What: A study of 4 million AI citations from 3,600 prompts found that news publishers blocking AI crawlers via robots.txt still appeared in the vast majority of AI-generated citations. Among sites blocking ChatGPT-User, 70.6% still appeared in citations. Among sites blocking Google-Extended, 92.3% still appeared. Roughly 95% of ChatGPT citations came from sites blocking training bots, and around 70% came from sites blocking retrieval bots.
When: The study was published on March 19, 2026, as the third part of a multi-part research series examining AI citation behaviour across major platforms.
Where: The citation data was drawn from ChatGPT, Gemini, Google AI Overviews, and Google AI Mode across 10 industries. The robots.txt blocking analysis focused on the top 50 news sites blocking specific AI crawlers.

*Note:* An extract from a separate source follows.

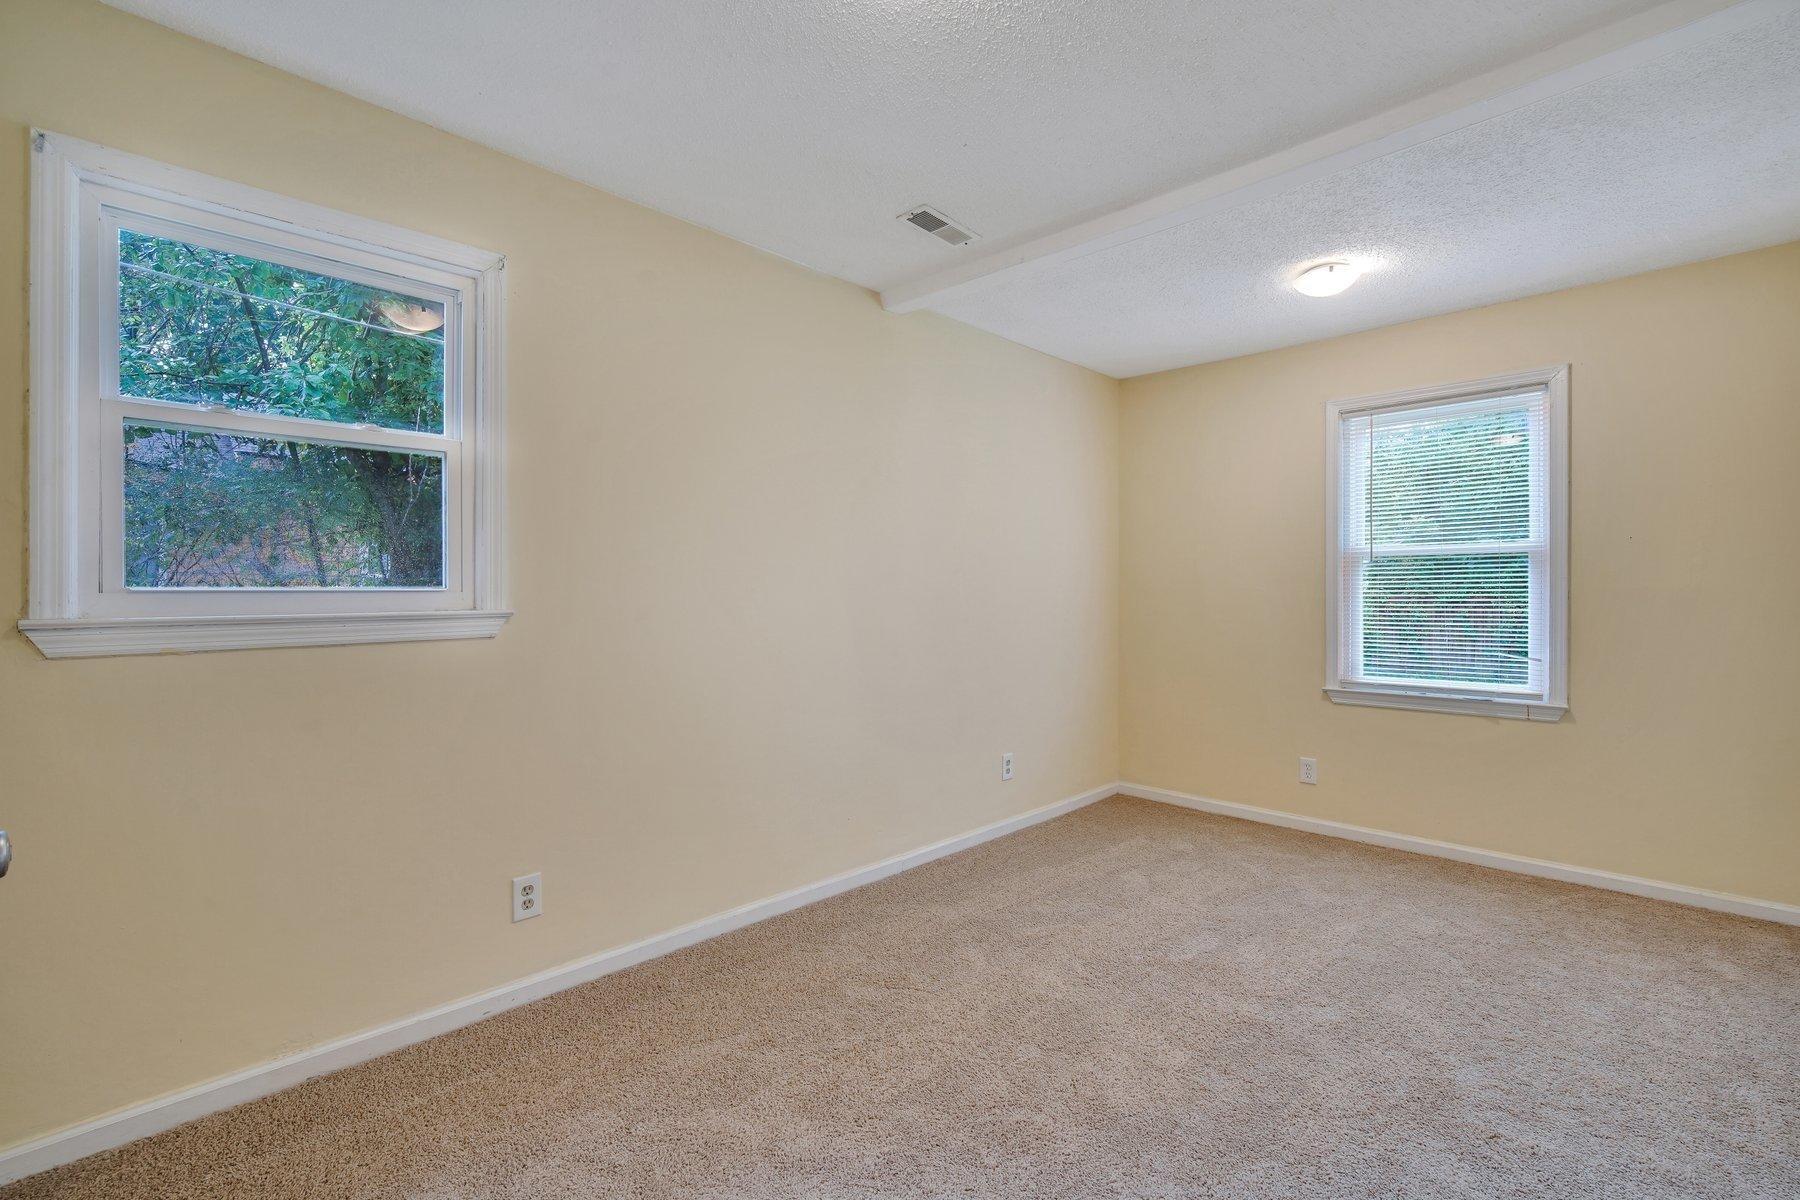 Boulder Bluff Homes For Sale - 428 Annette, Goose Creek, SC - 8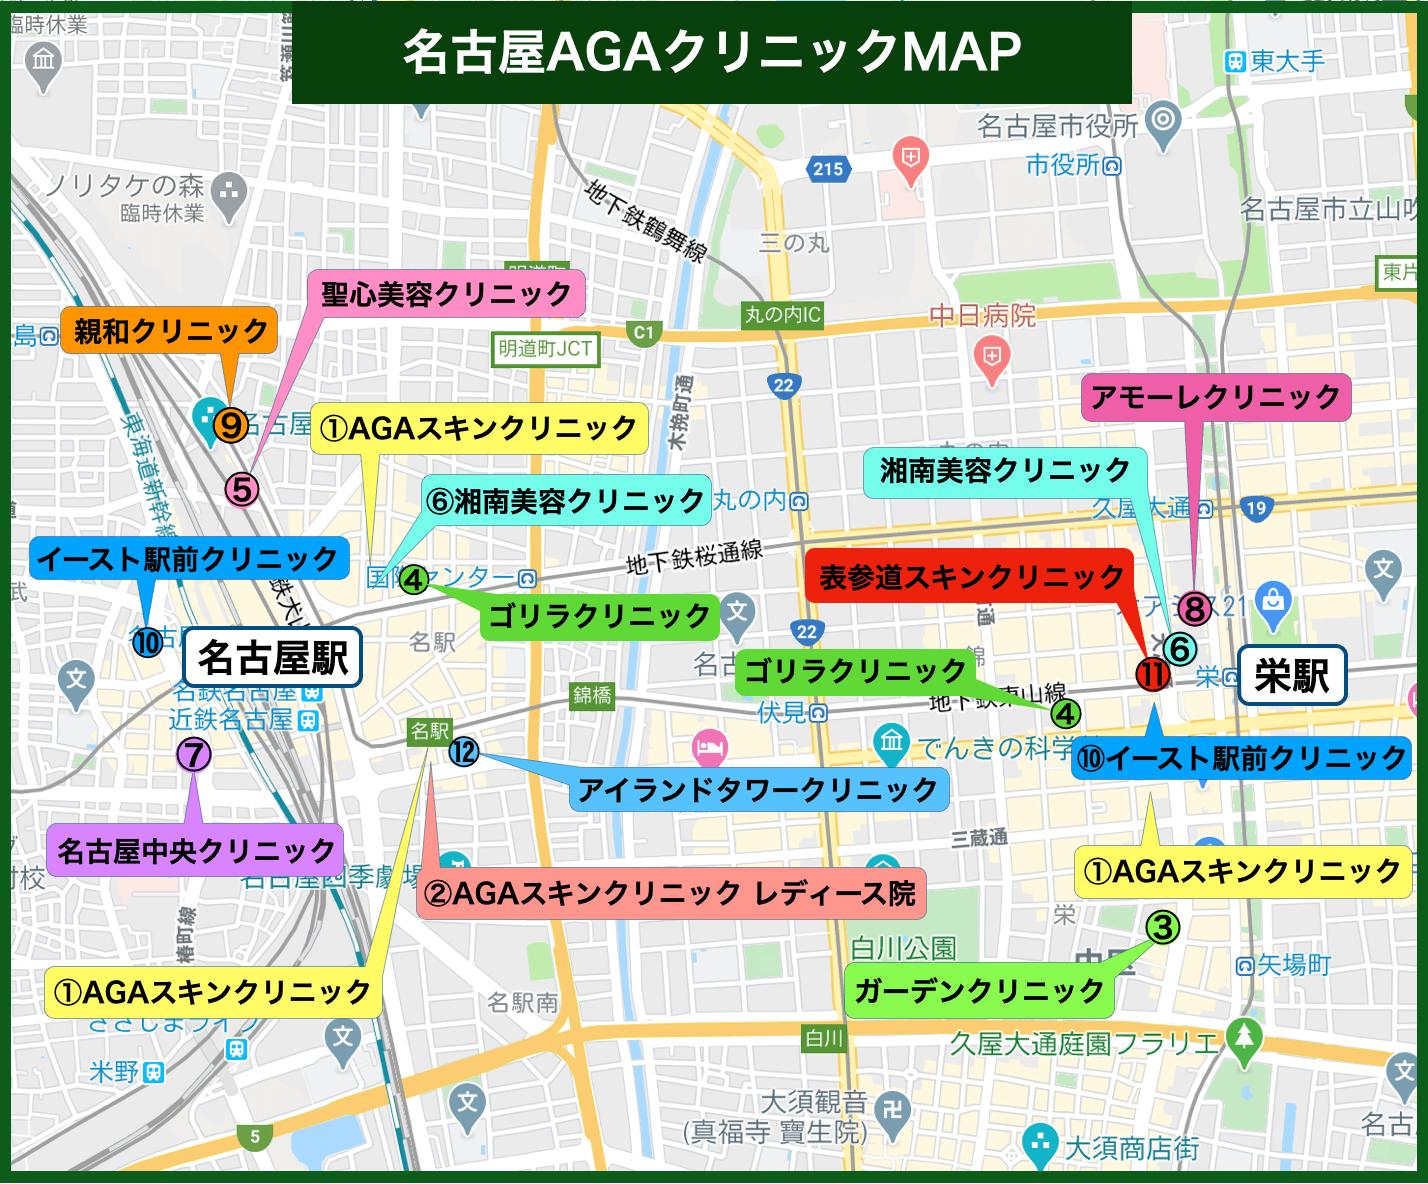 名古屋AGAクリニックMAP(2021年版)

Why: The study matters because publishers have invested significant effort in blocking AI crawlers as a content protection strategy. The data suggests this approach does not reliably prevent AI citation, raising questions about the effectiveness of robots.txt as a control mechanism and about how AI systems actually retrieve the content they cite. This has direct implications for how marketers and publishers measure AI search visibility, set access policies, and understand the relationship between technical controls and content distribution in AI-powered environments.